→ **Assignment**: Print the entire listing below word for word, excluding its pictures.

Collected material Block Start

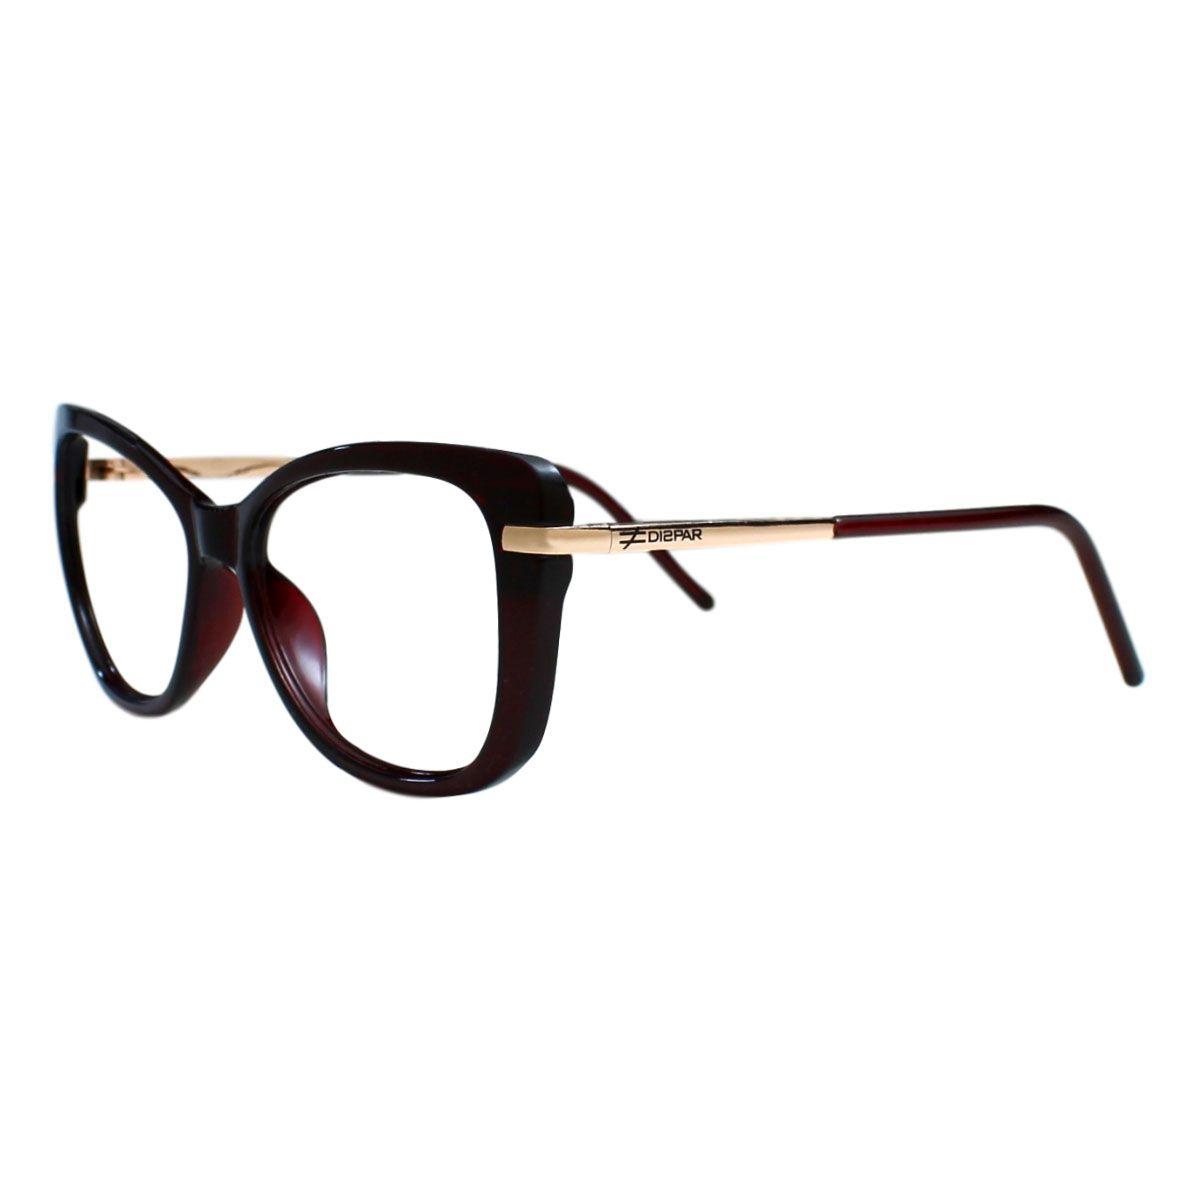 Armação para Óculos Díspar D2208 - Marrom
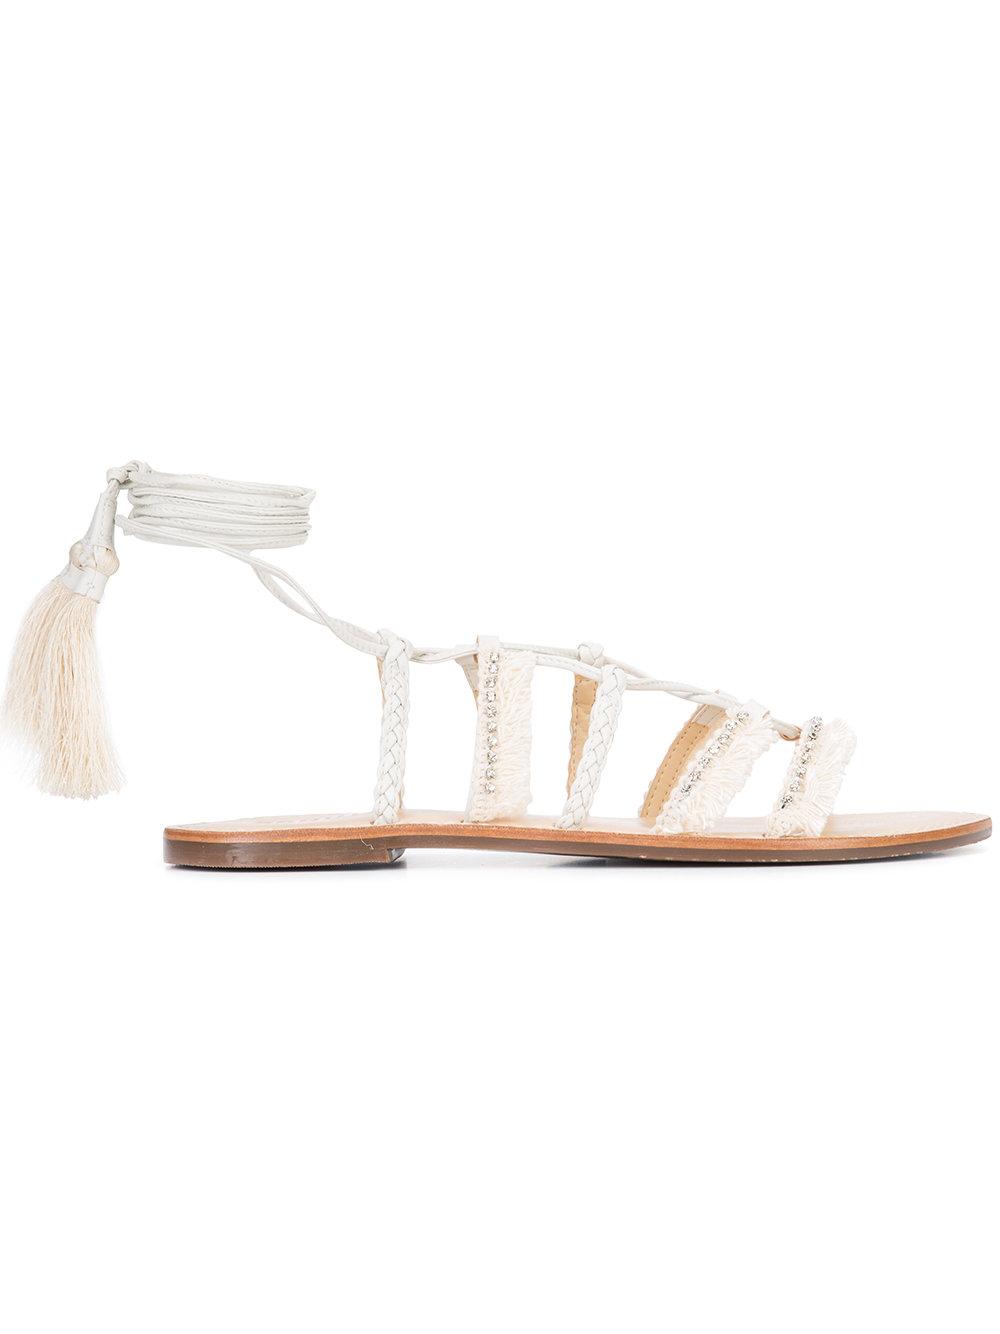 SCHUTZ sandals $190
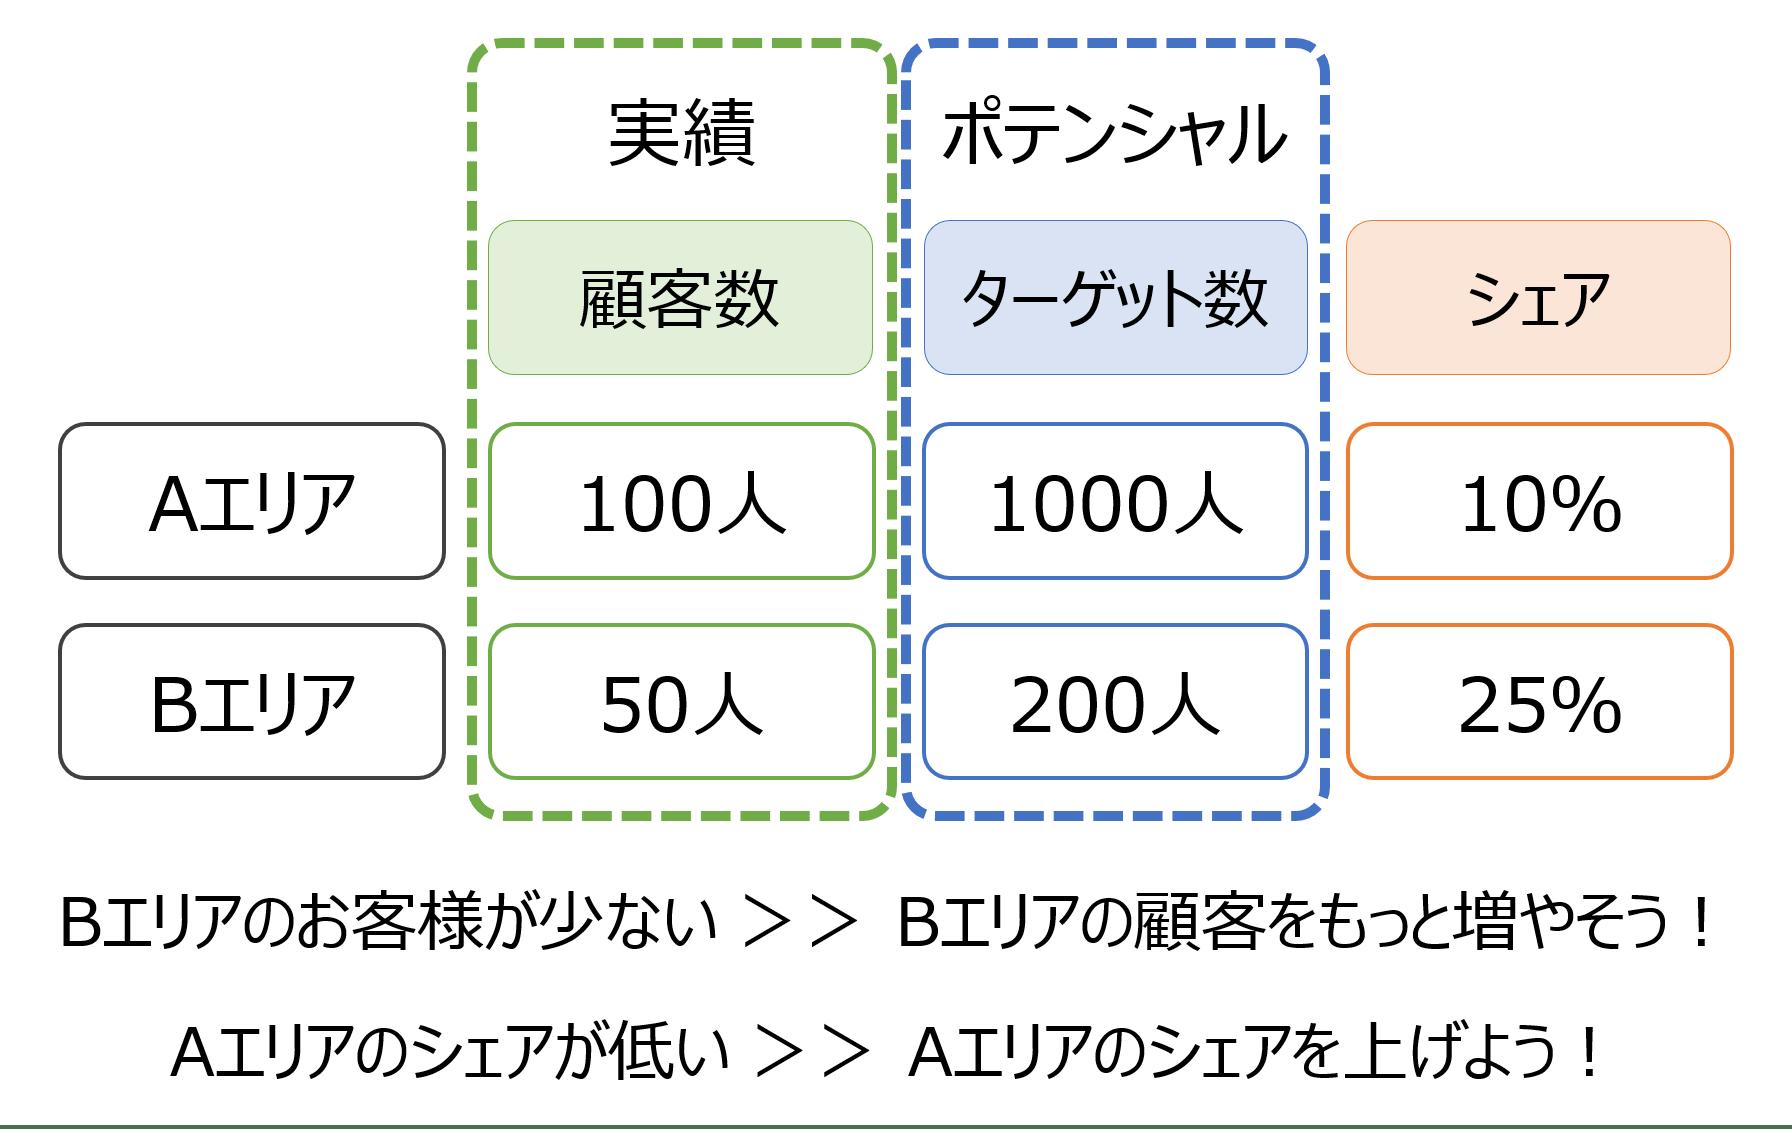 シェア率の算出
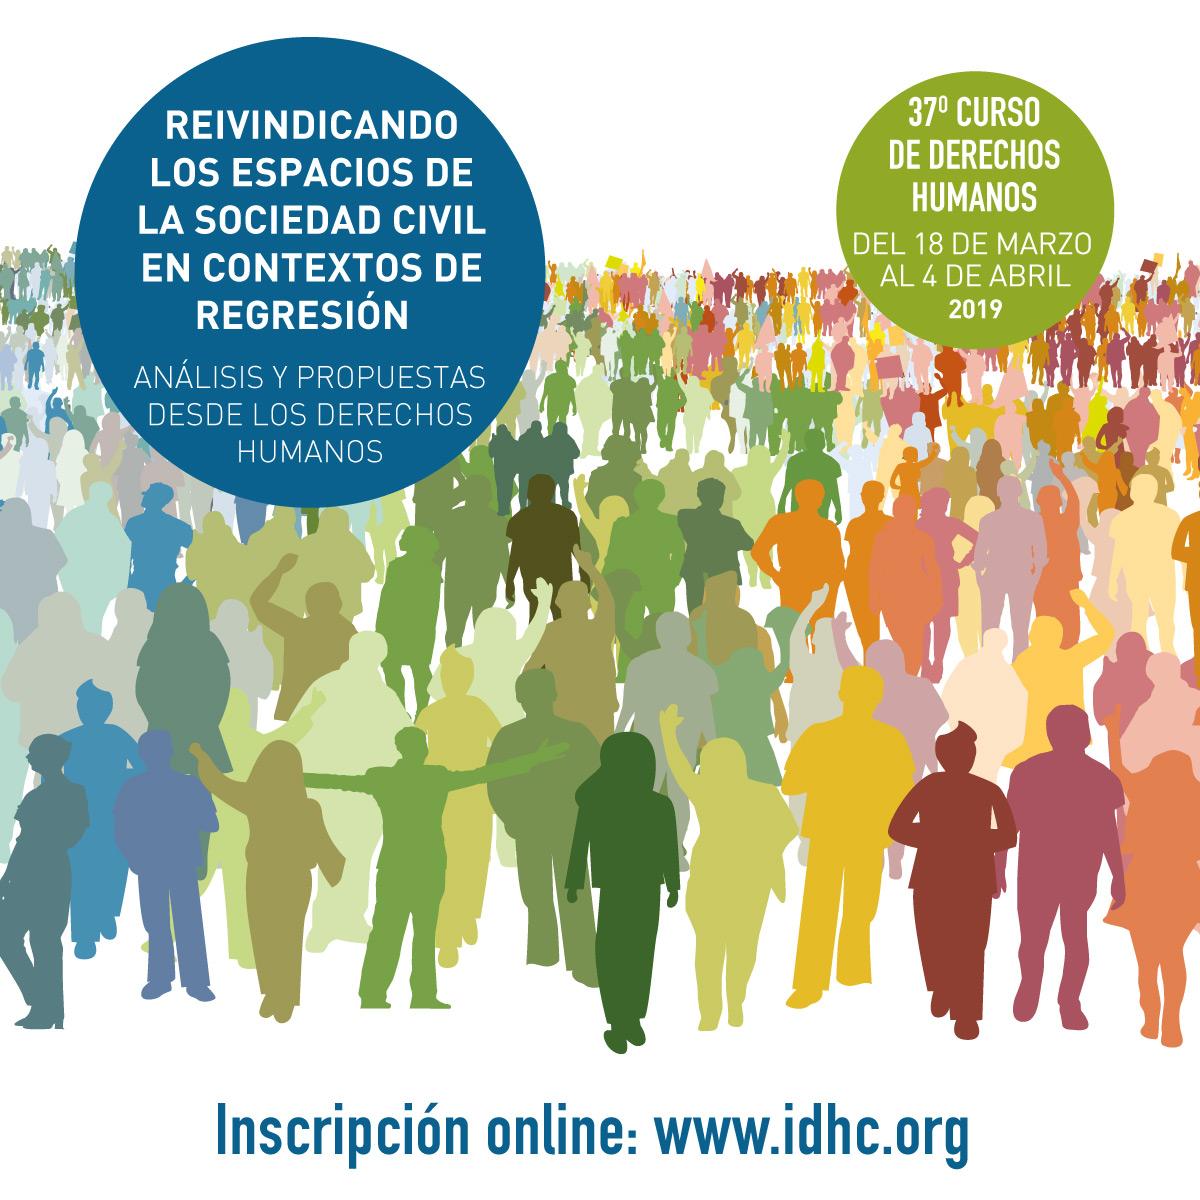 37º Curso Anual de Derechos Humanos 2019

Collected material Block End

→ **Your response**:
 Armação para Óculos Díspar D2208 - Marrom
 SCHUTZ sandals $190
 シェア率の算出
 37º Curso Anual de Derechos Humanos 2019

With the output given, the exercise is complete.